## WHAT TO WORK ON:
Word for word, please copy the listing below, with its pictures left out.

## INFORMATION SUPPLIED:
---*---

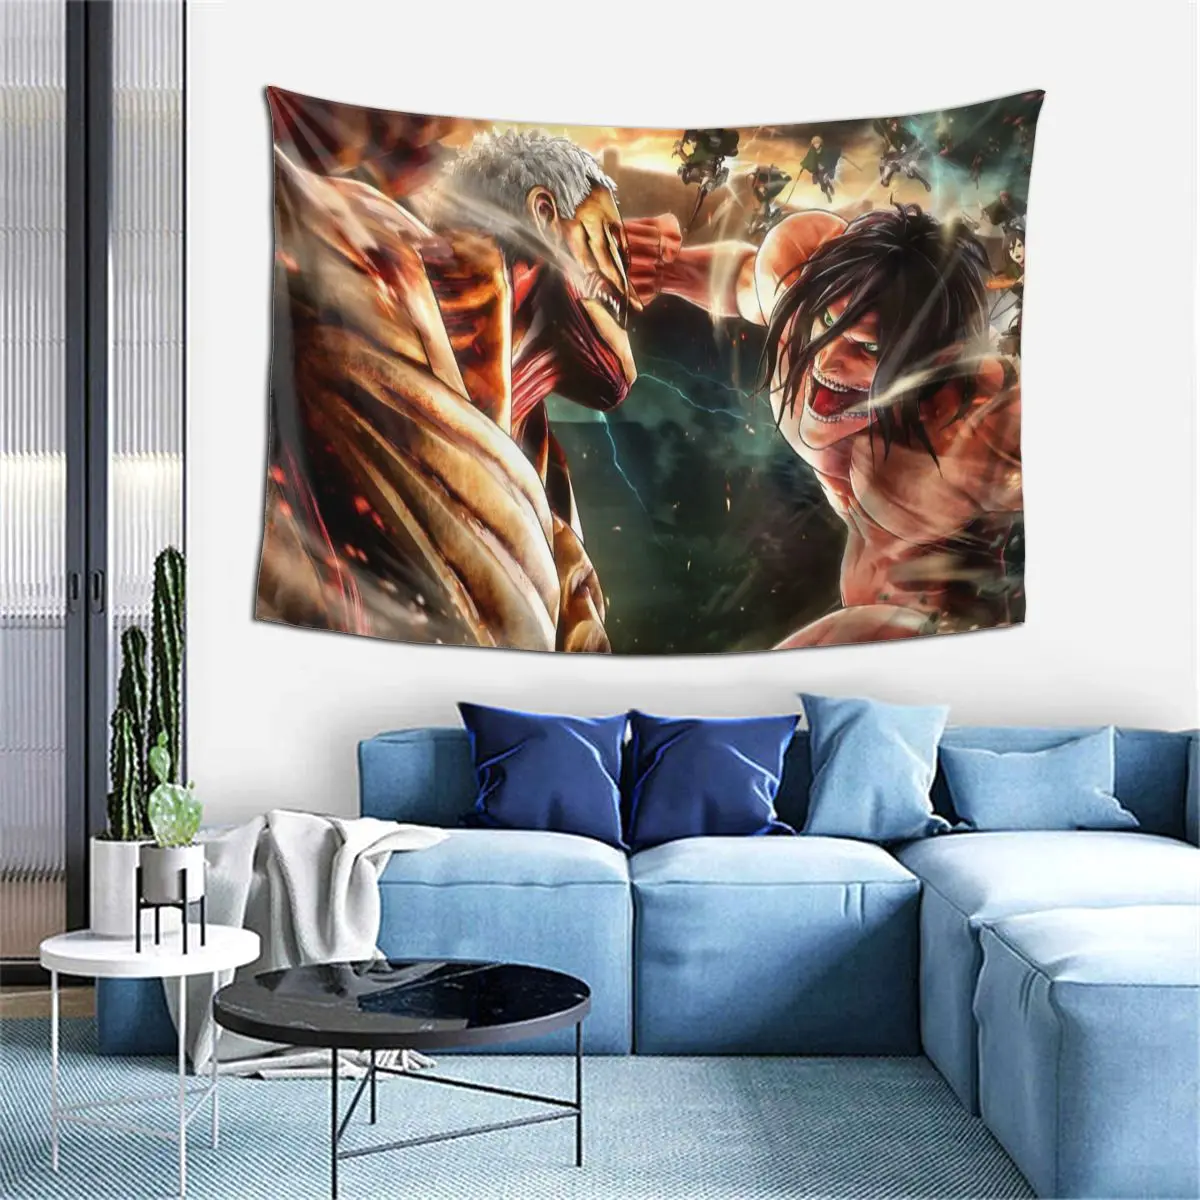 

Attack On Titan SnK Anime Tapestry Levi Wall Arts Decor Home Hanging Cloth Background Covering Aesthetic
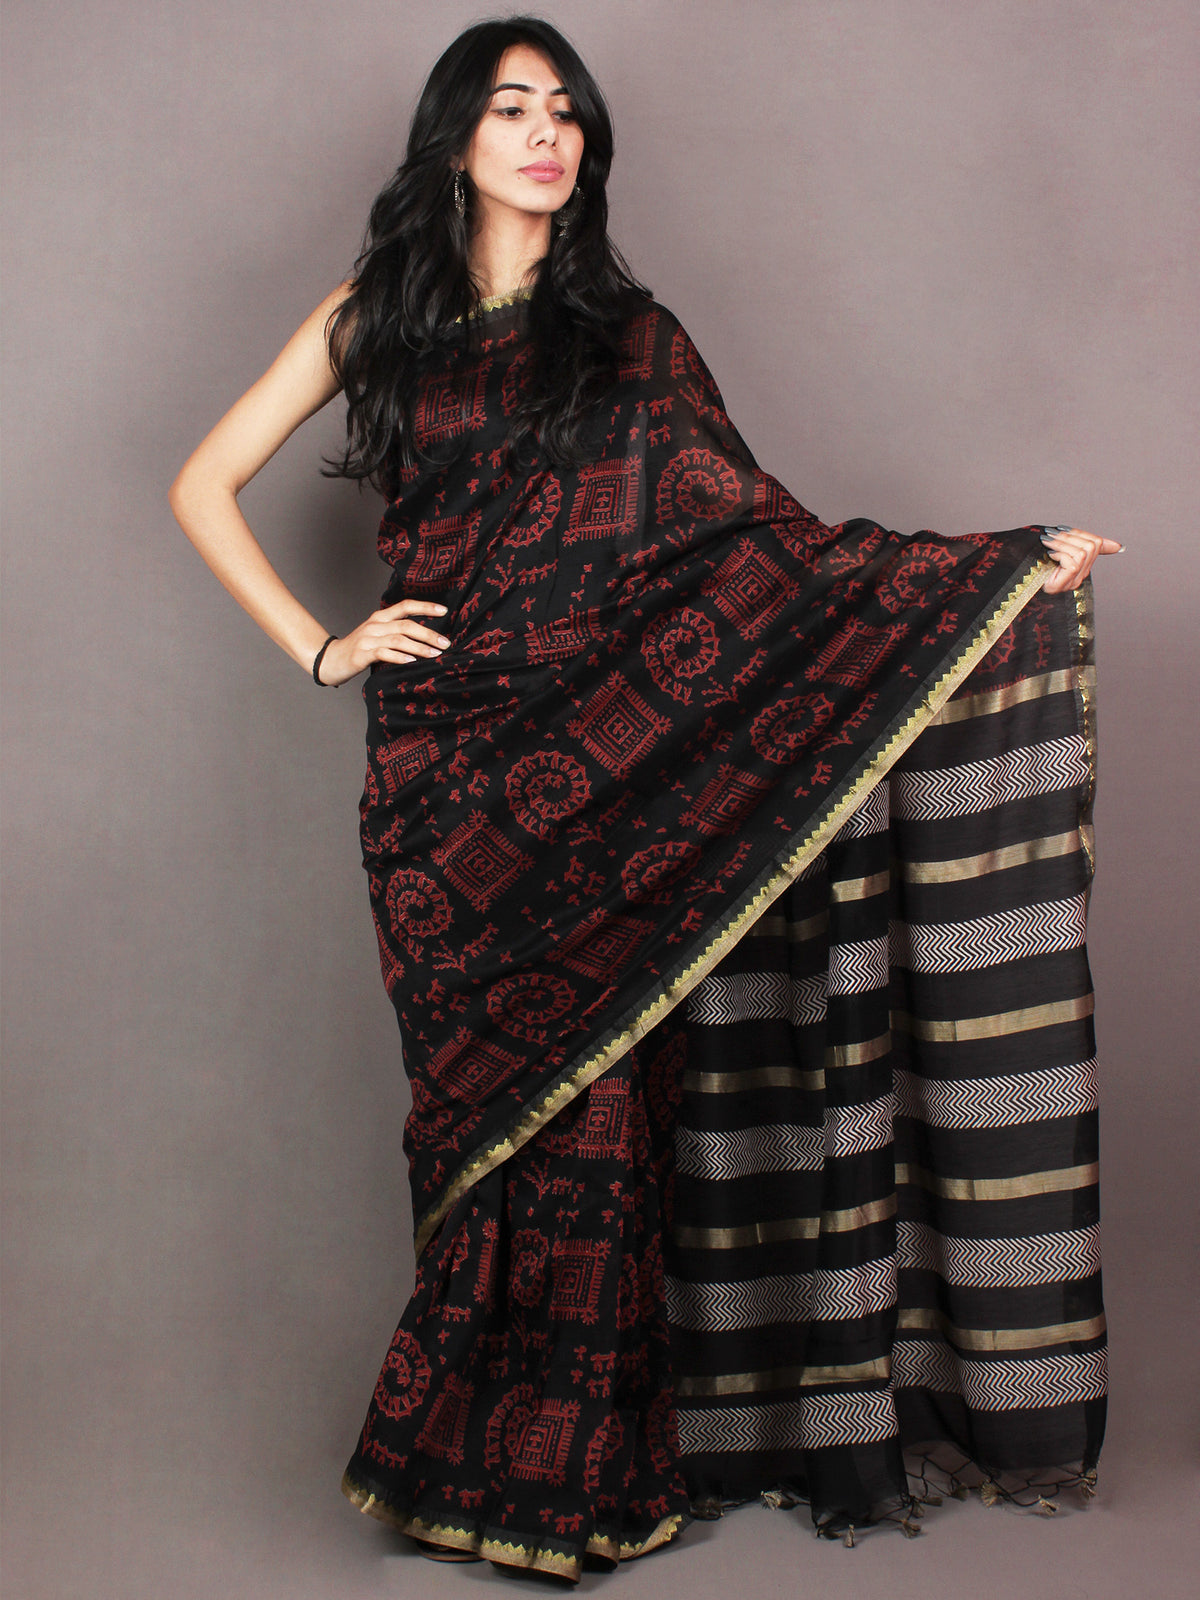 Black Red Hand Block Printed in Natural Colors Chanderi Saree With Geecha Border - S03170857
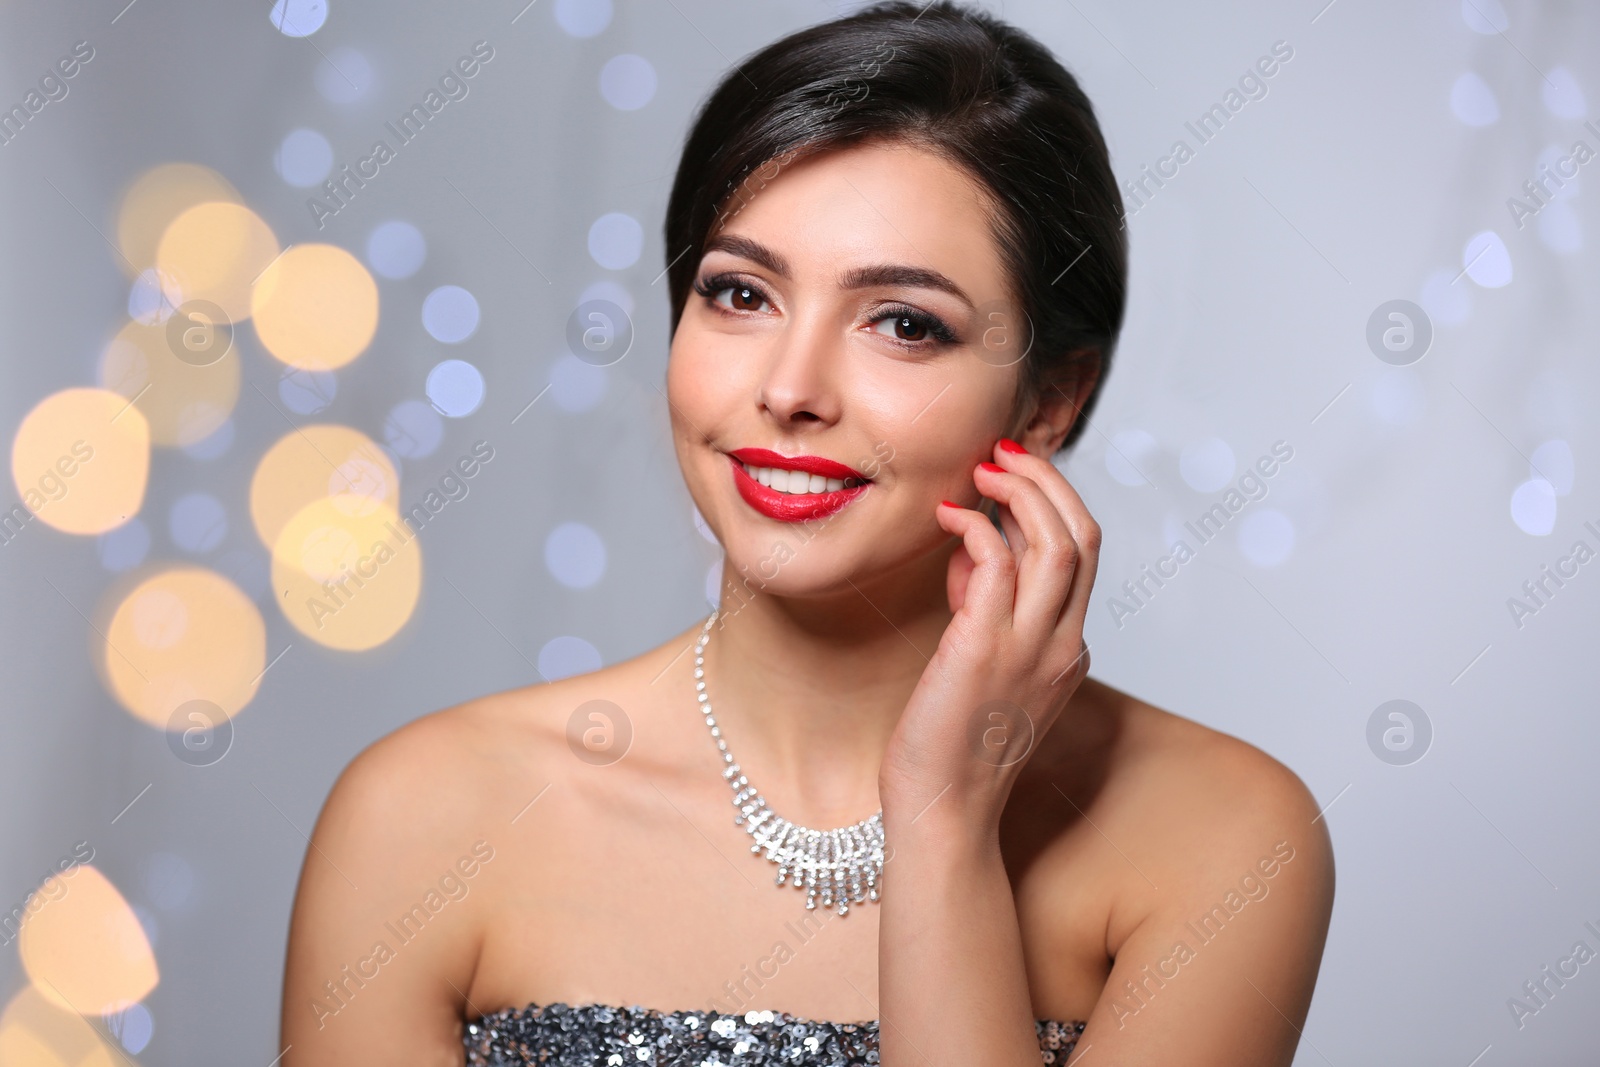 Photo of Beautiful woman with elegant jewelry on blurred background
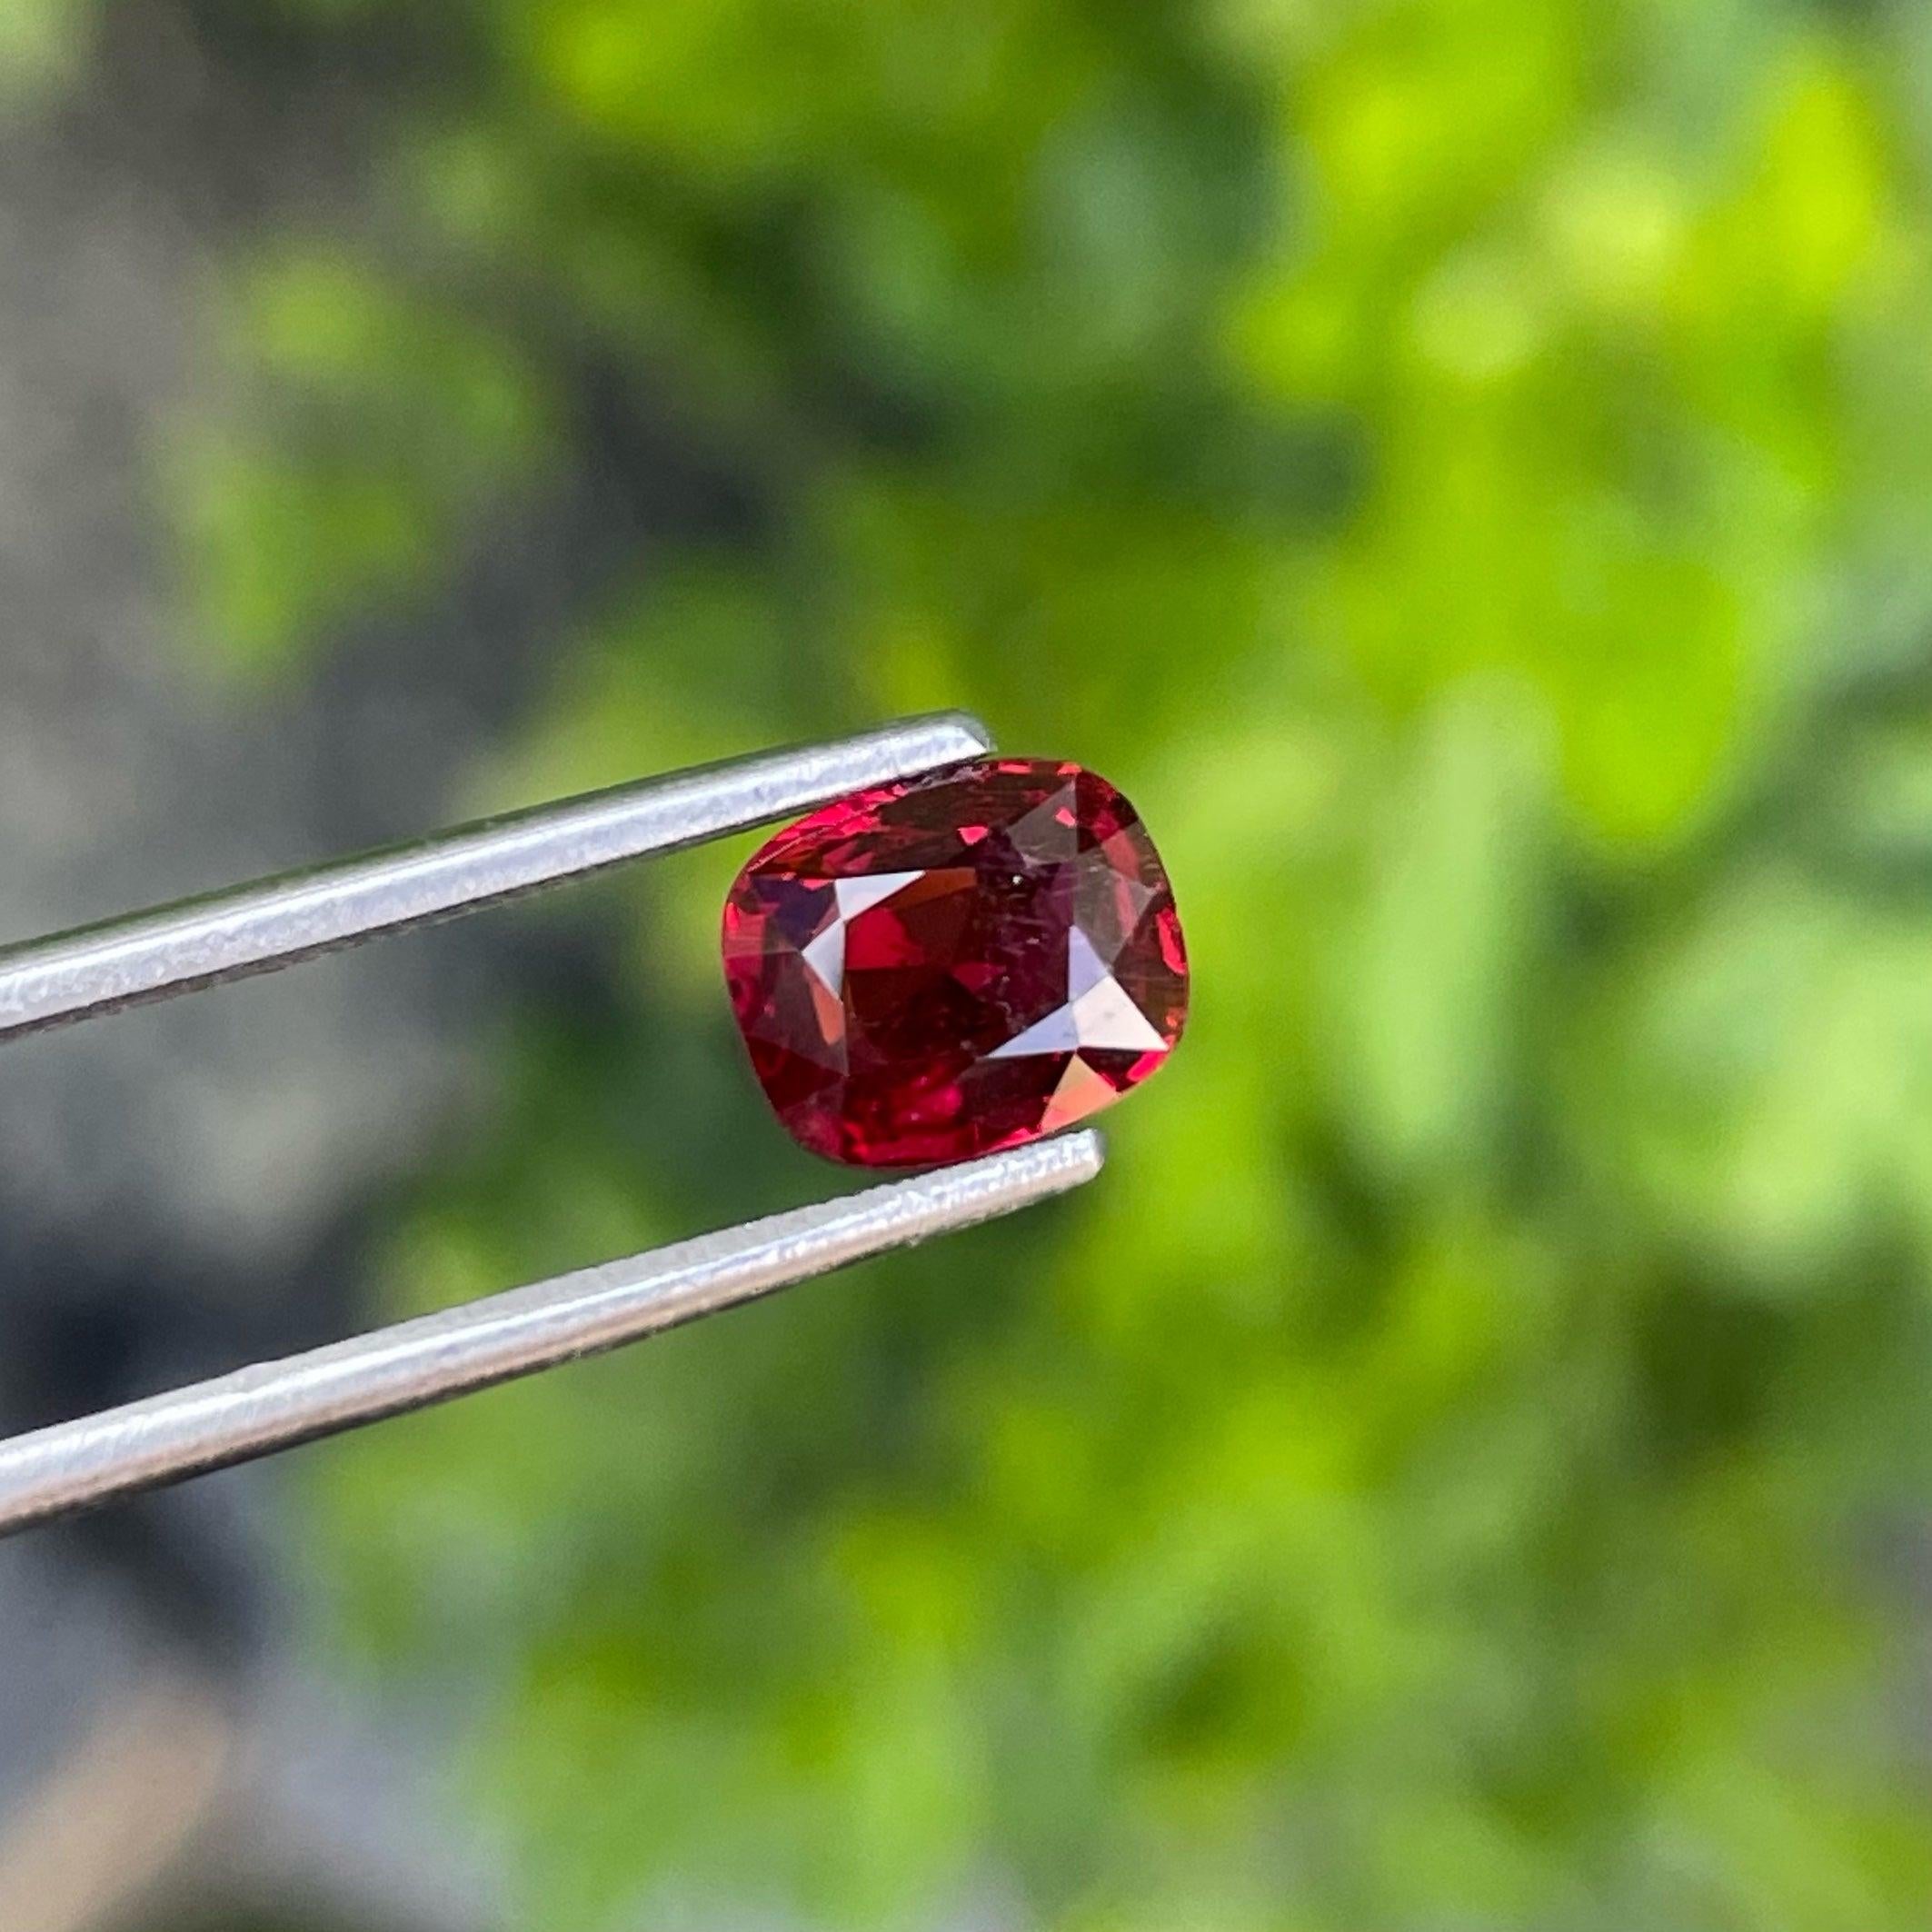 Natural Red Loose Spinel Gem, available for sale at wholesale price, natural high-quality SI Clarity cushion-cut, 1.08 carats loose certified spinel gemstone from Burma.

GEMSTONE TYPE	Natural Red Loose Spinel Gem
WEIGHT	1.08 carats
DIMENSIONS	6.9 x

---*---

## RESPONSE TO THE TASK:
Attack On Titan SnK Anime Tapestry Levi Wall Arts Decor Home Hanging Cloth Background Covering Aesthetic
 Black Red Hand Block Printed in Natural Colors Chanderi Saree With Geecha Border - S03170857
 Photo of Beautiful woman with elegant jewelry on blurred background
 Natural Red Loose Spinel Gem, available for sale at wholesale price, natural high-quality SI Clarity cushion-cut, 1.08 carats loose certified spinel gemstone from Burma.

GEMSTONE TYPE	Natural Red Loose Spinel Gem
WEIGHT	1.08 carats
DIMENSIONS	6.9 x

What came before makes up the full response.